Aims and methods: Cardiopulmonary resuscitation in the mountains usually has to be performed under difficult and hostile circumstances and, sometimes for extended periods of time. Therefore, mountain rescuers should have the ability and the appropriate equipment to perform prolonged, efficient, and safe ventilation. Members of the International Commission for Mountain Emergency Medicine (ICAR MEDCOM) discussed the results of a literature review, focusing on the advantages and disadvantages of common ventilation techniques in Basic Life Support and their training methods with specific respect to use in mountain rescue, and recommendations were proposed. Results and recommendations: Bystanders fear the potential risk of infection and lack the willingness to perform mouth-to-mouth ventilation, though the risk of infection is low.
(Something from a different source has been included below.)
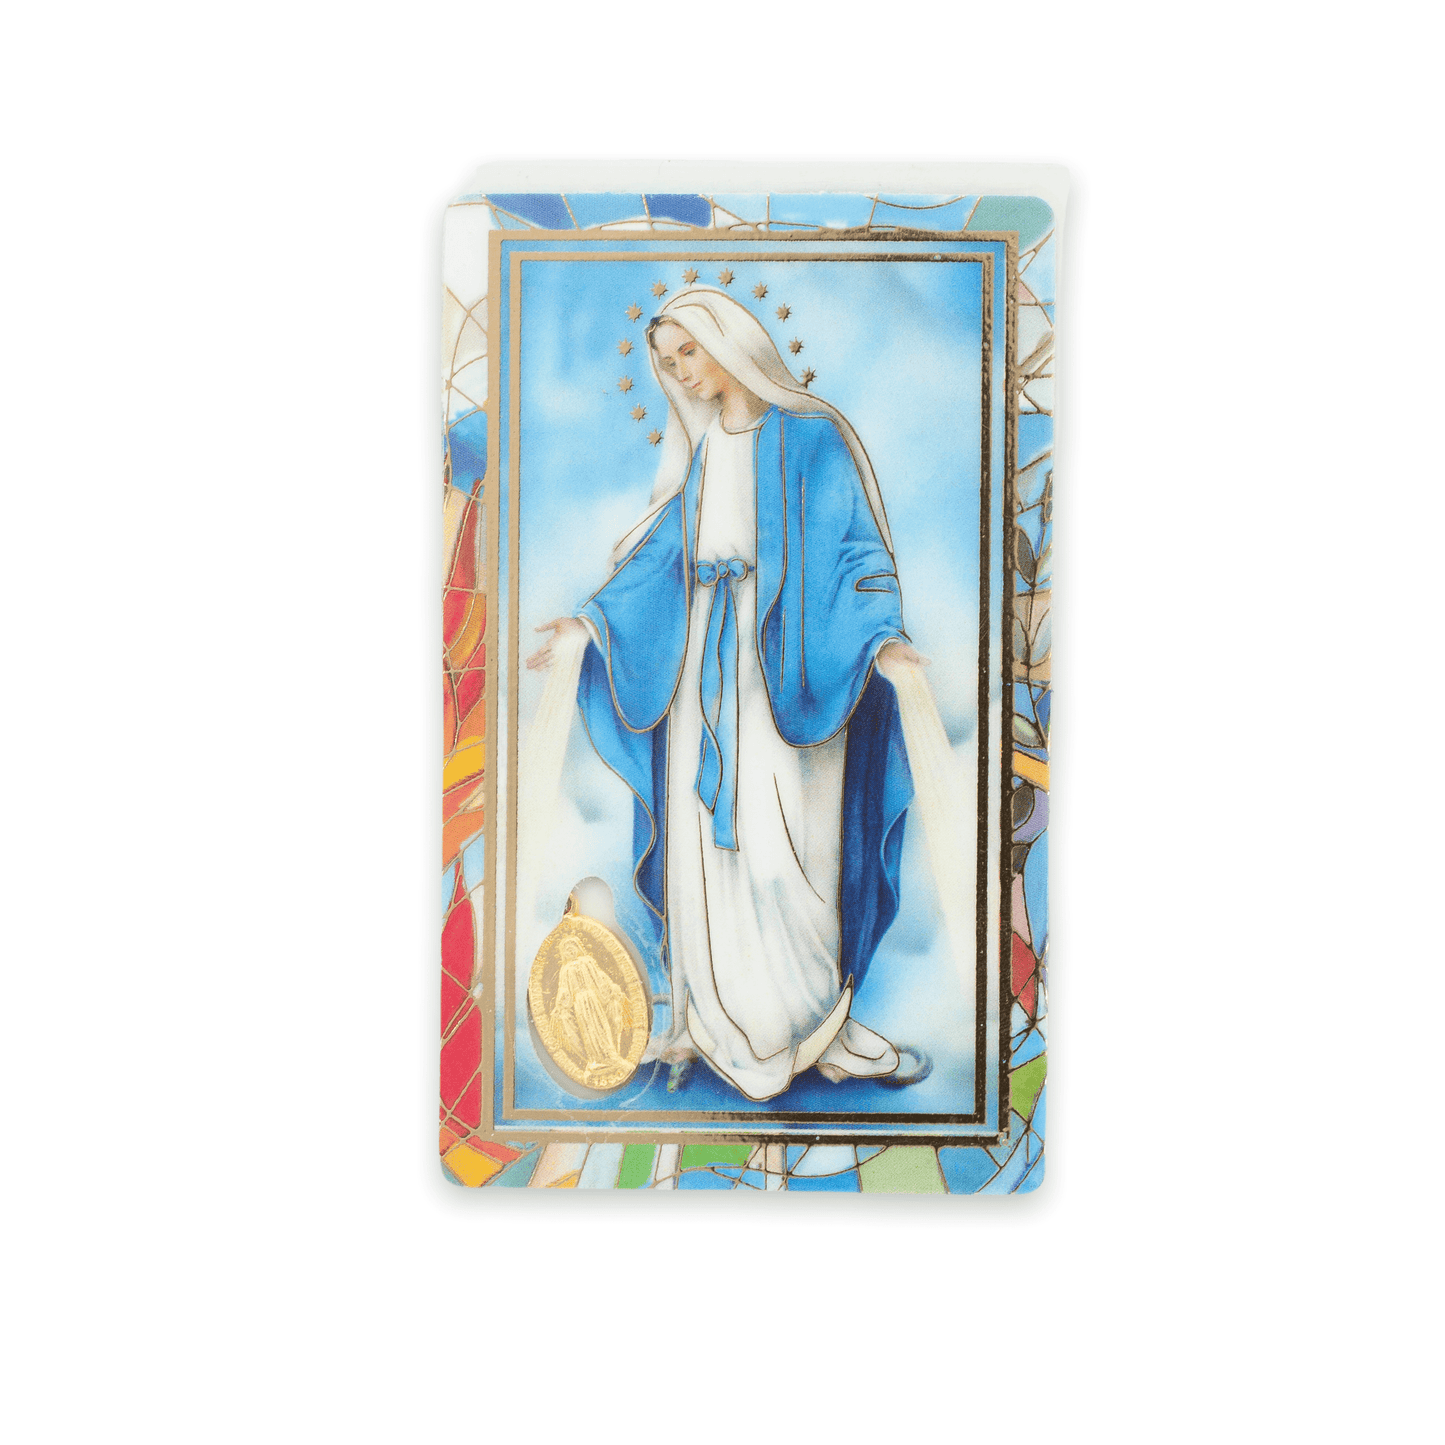 MONDO CATTOLICO Miraculous Virgin Plastified Prayer Card "May the Holy Virgin Illuminate Your Life"
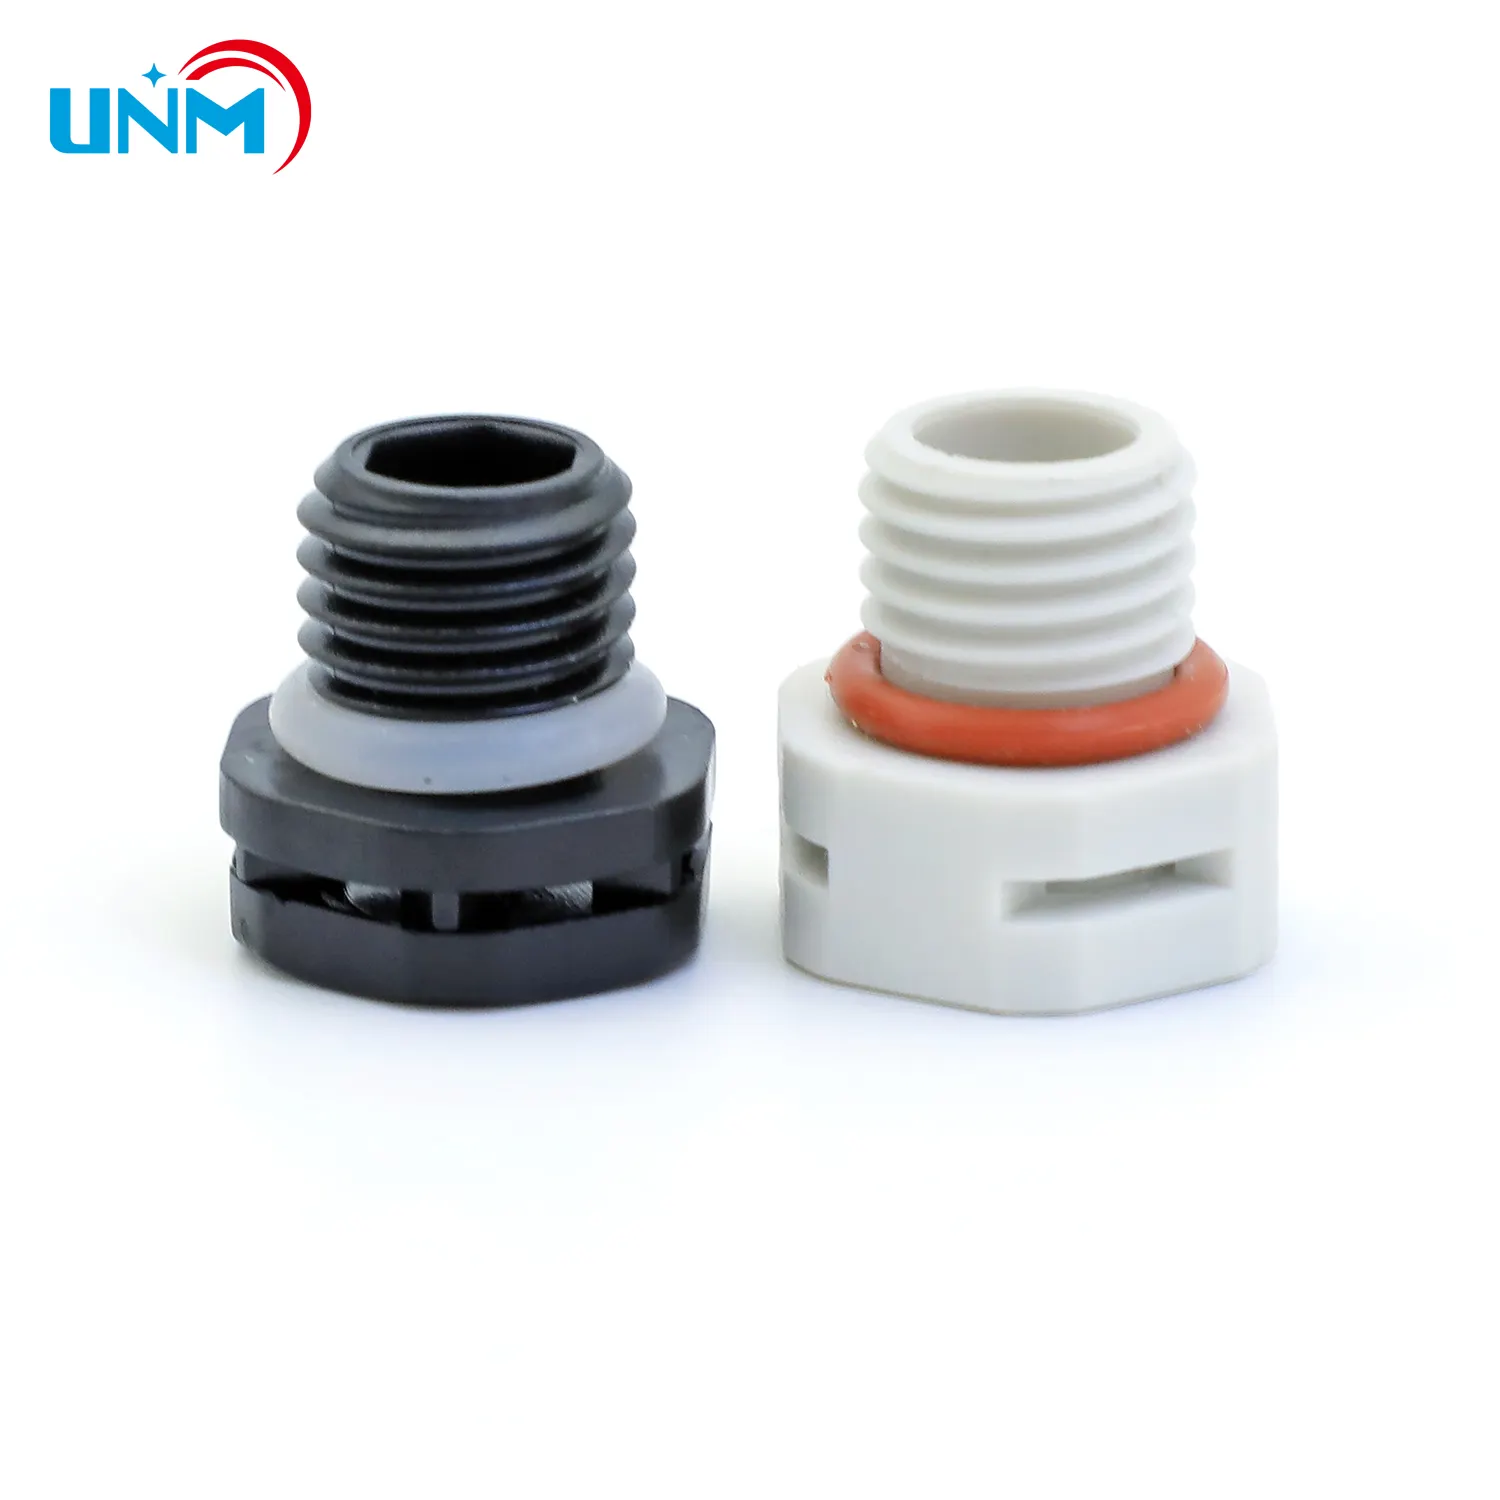 UNM M12 sumbat ventilasi plastik katup napas nilon nindustrial untuk aplikasi luar ruangan

Mouth-to-mouth ventilation remains the standard technique for bystander ventilation and, in the absence of a barrier device bystanders should not hesitate to ventilate a patient by this technique. For mountain rescue teams we encourage the use of a barrier device for artificial ventilation. Mouth-to-mask ventilation devices are most likely to fulfil the requirements of being safe, simple and efficient in the hands of a basic- trained rescuer. The use of a mouth-to-mask ventilation device is recommended for out-of- hospital ventilation in the mountains and should be part of the mountain rescuer’s standard equipment. Bag-valve-mask ventilation is efficient, if performed by well-trained rescuers, but it leads to a low ventilation quality in the hands of a less experienced rescuer. It should be emphasized that regular training every six to twelve months is necessary to perform proper ventilation.

Key words

Basic Life Support, Mountain rescue, Resuscitation, Training, Ventilation.